What you should do — Copy the listing below in full and skip every picture.

Given information —
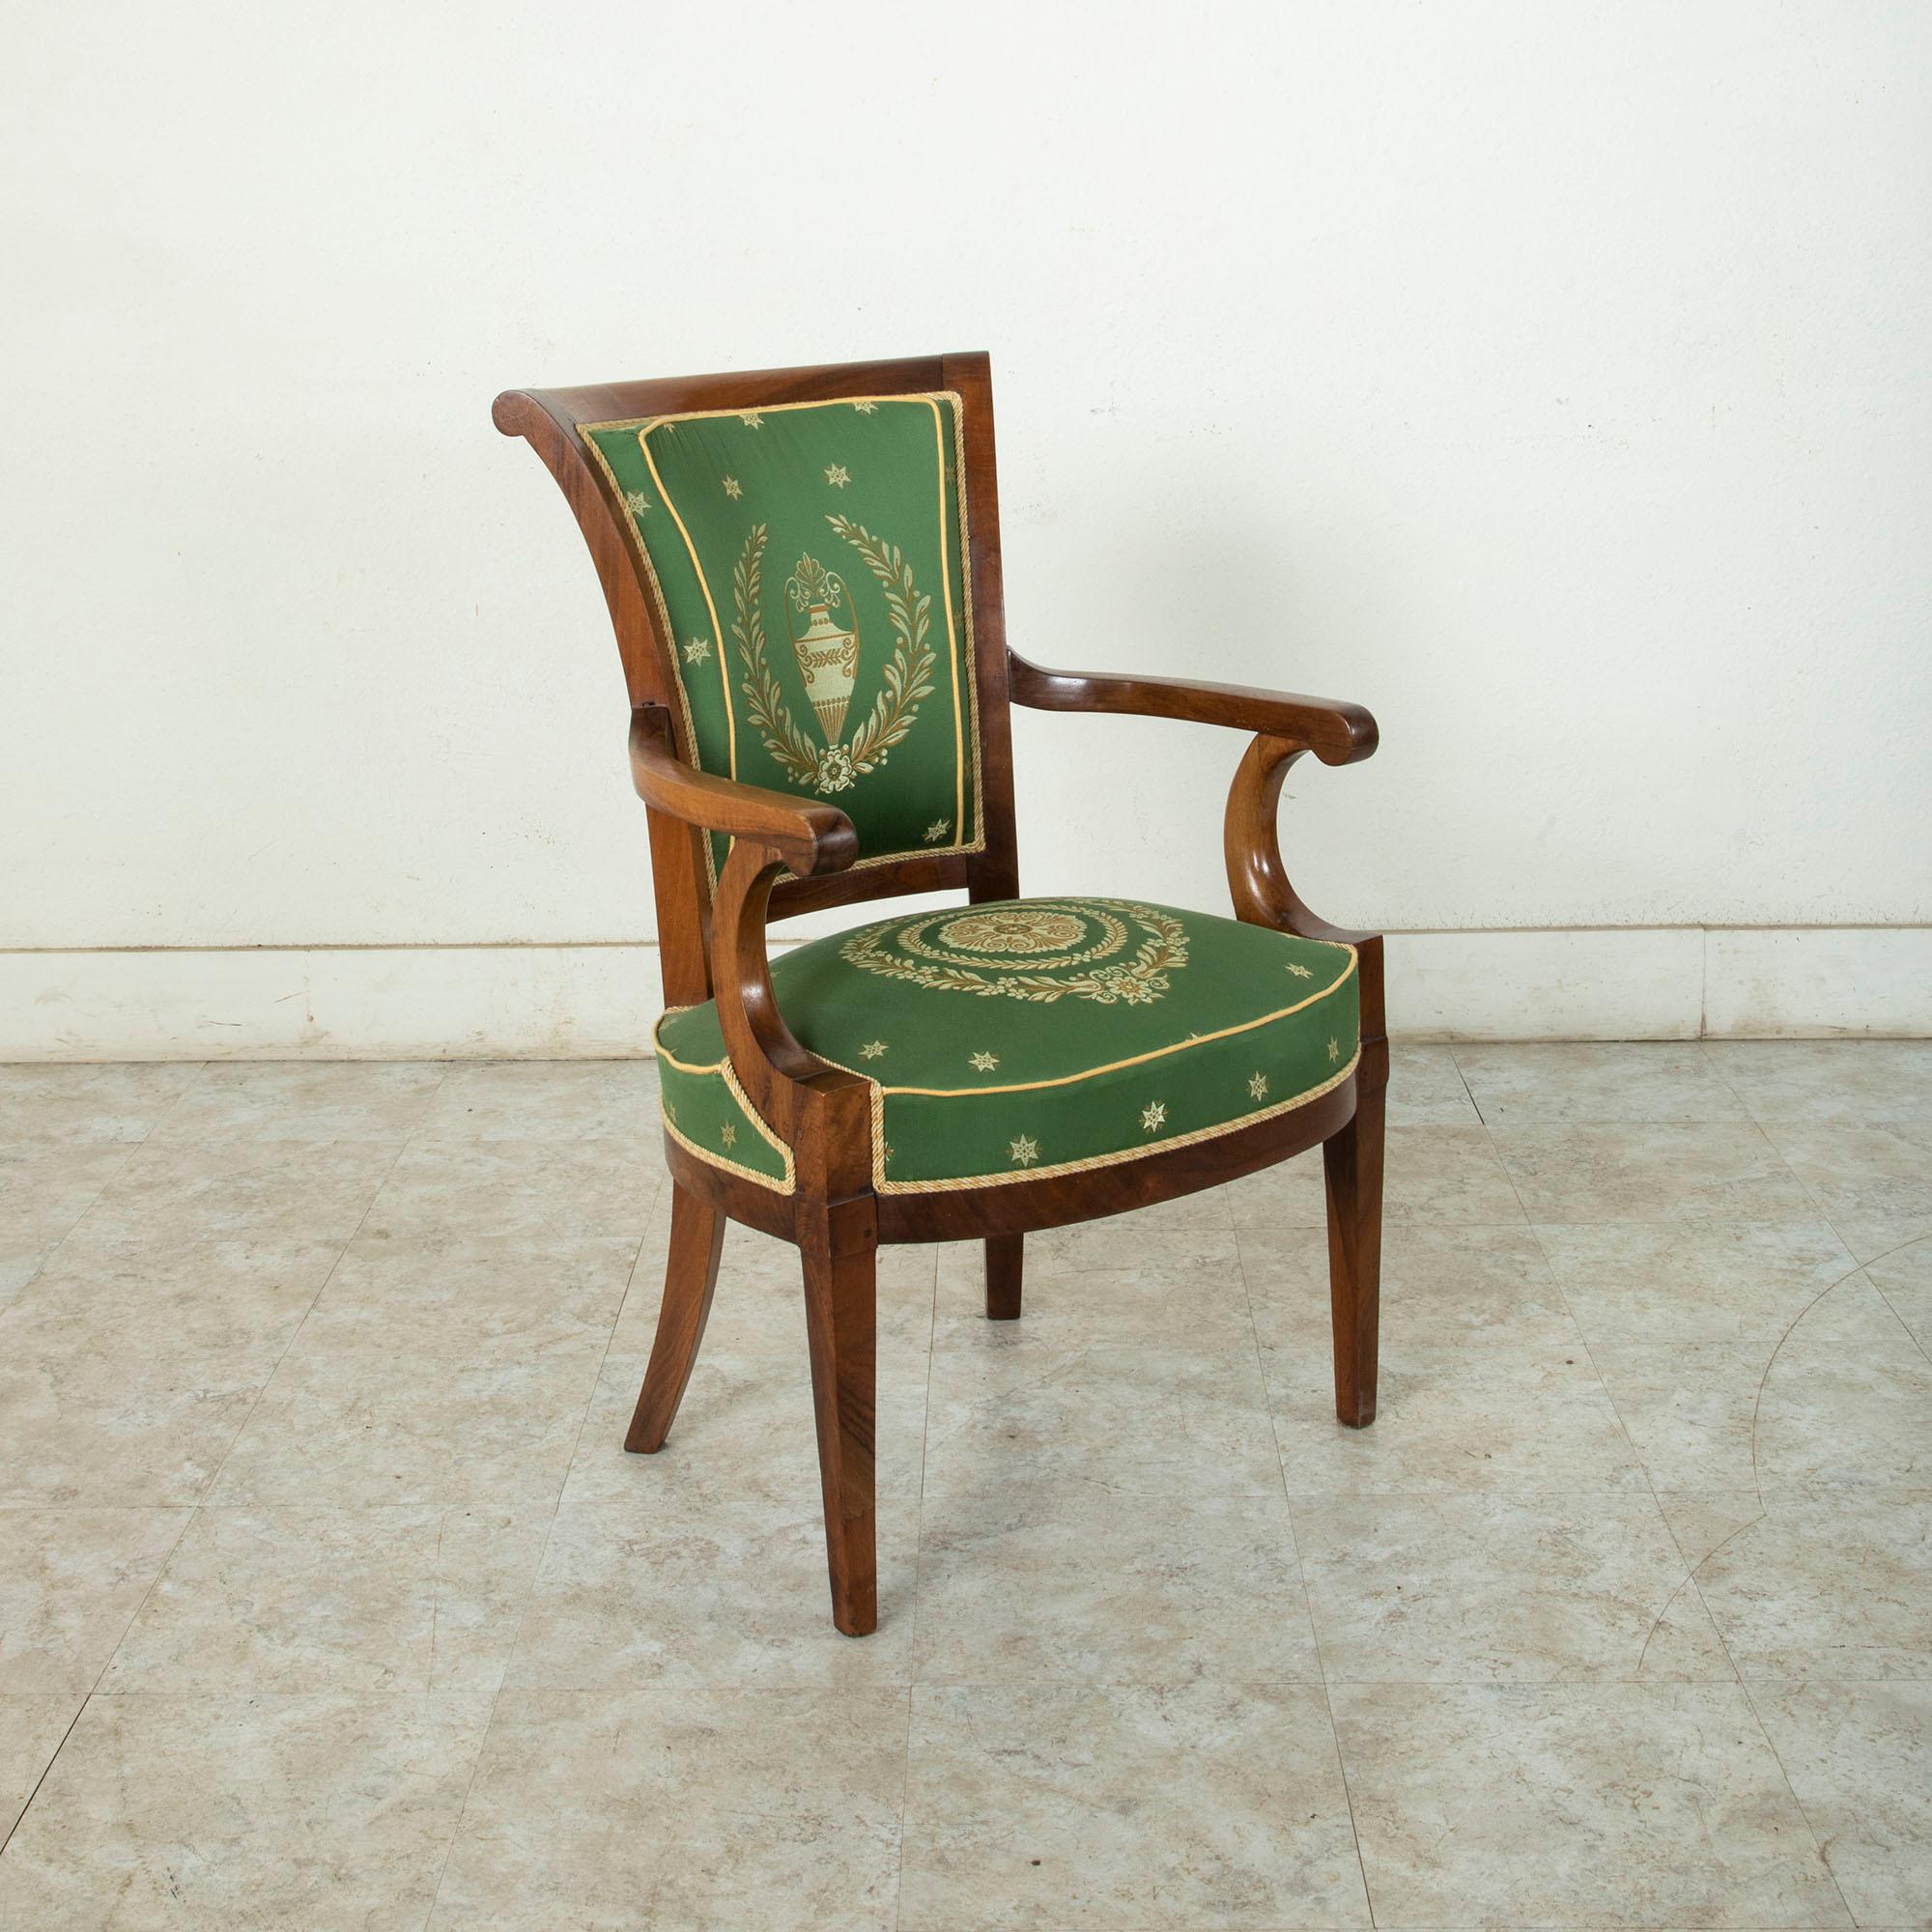 From a chateau in Normandy, France, this late 18th century Directoire period hand pegged mahogany armchair features green silk upholstery detailed with embroidered Directoire embellishments of laurels, stars, and an urn on the seat back. The seat
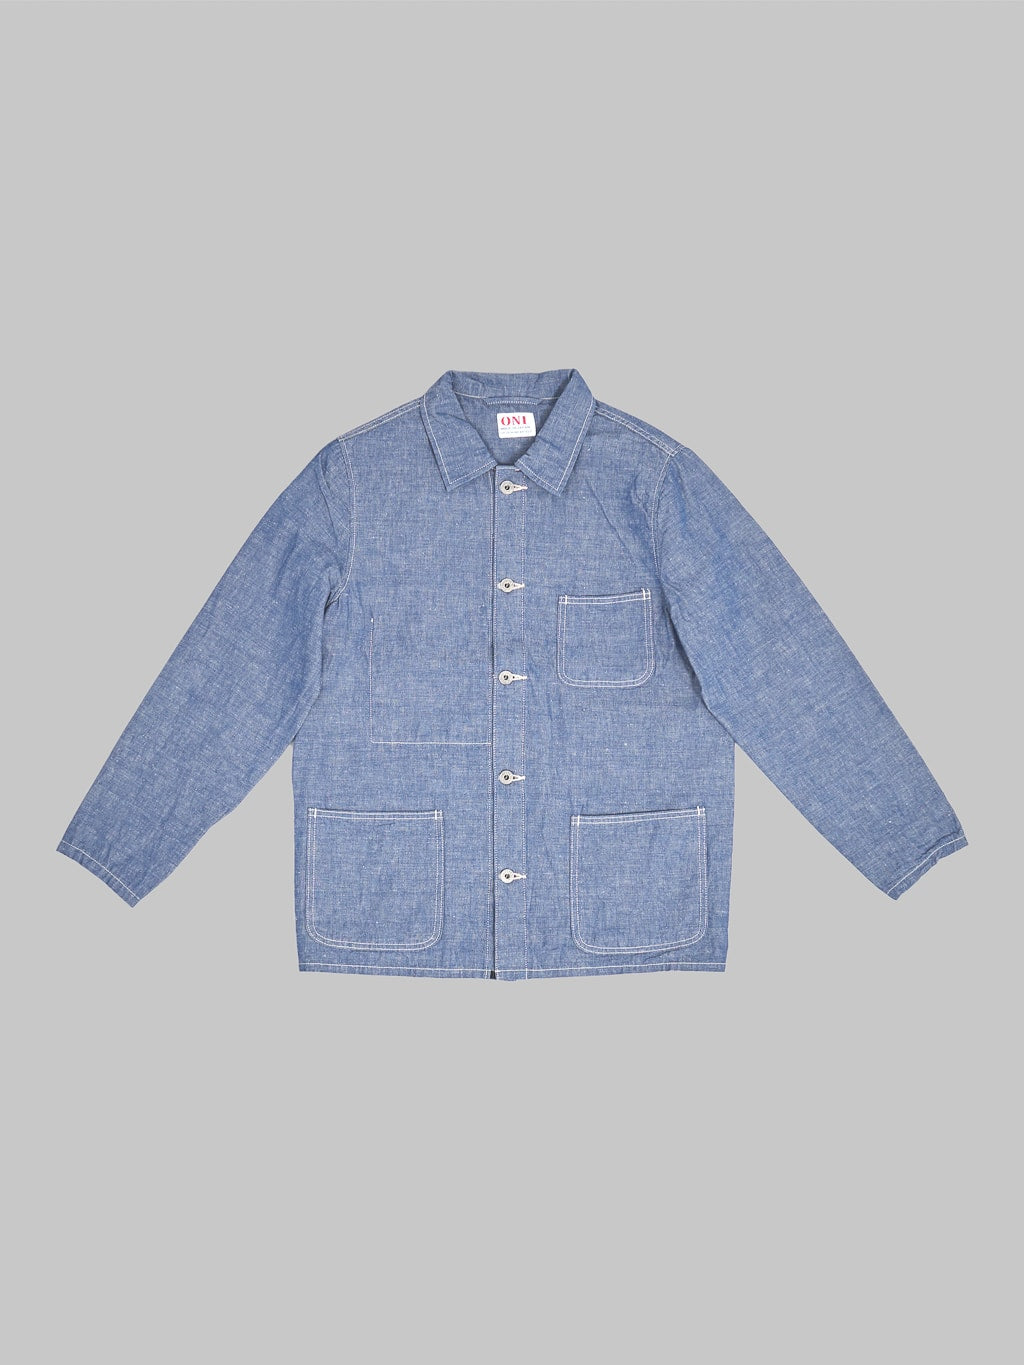 Oni denim heavy chambray blue gray coverall front view
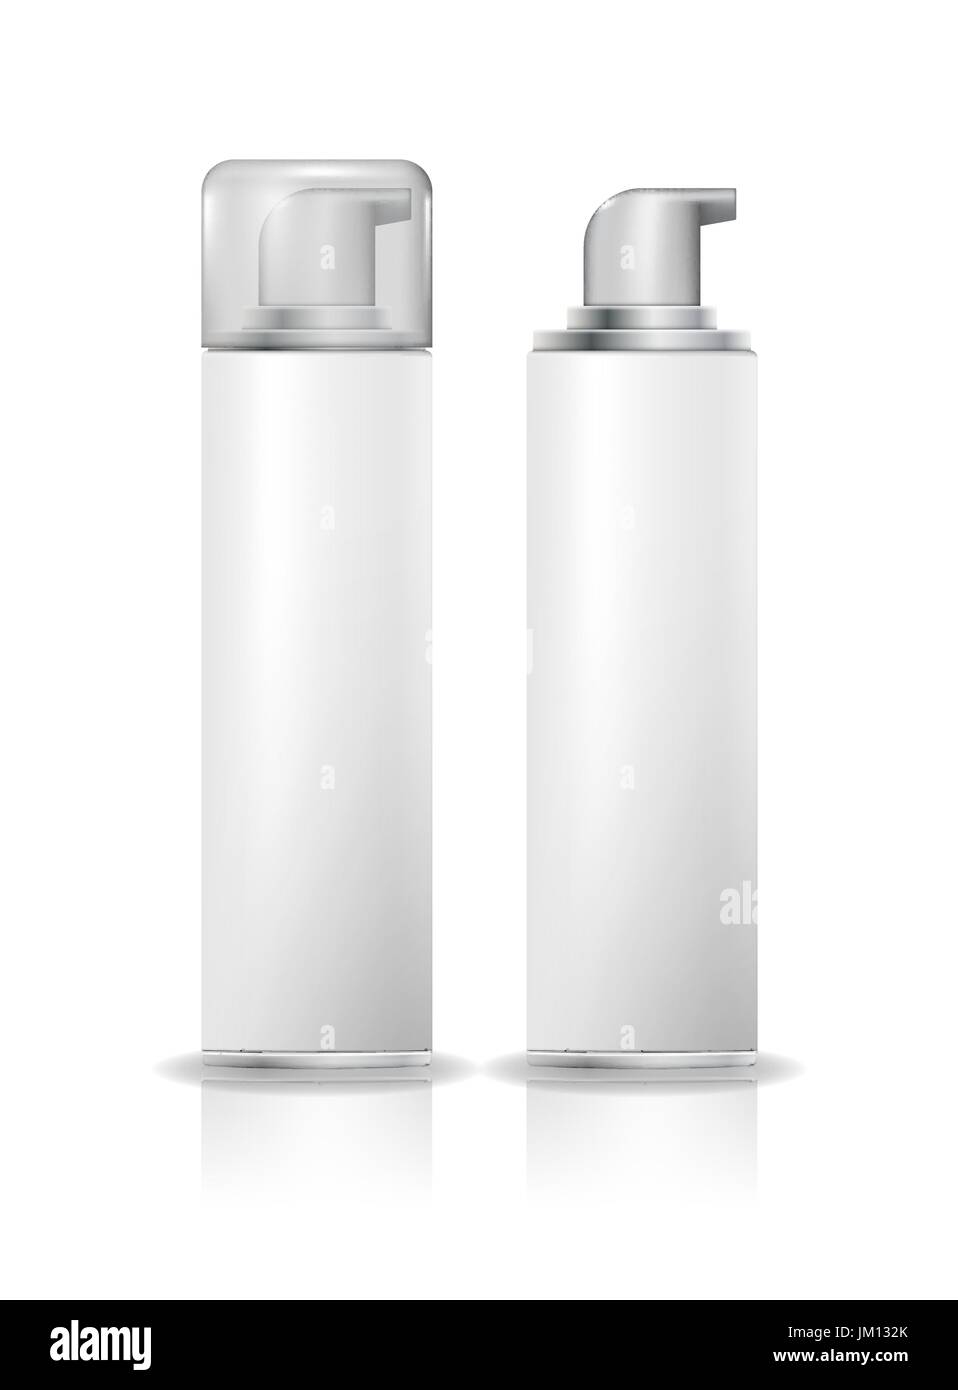 Shaving foam cosmetic bottle sprayer. White spray container mock up. vector illustration. Container with gel for shaving. Stock Vector

Task answer —
 From a chateau in Normandy, France, this late 18th century Directoire period hand pegged mahogany armchair features green silk upholstery detailed with embroidered Directoire embellishments of laurels, stars, and an urn on the seat back. The seat
 Oni denim heavy chambray blue gray coverall front view
 Shaving foam cosmetic bottle sprayer. White spray container mock up. vector illustration. Container with gel for shaving. Stock Vector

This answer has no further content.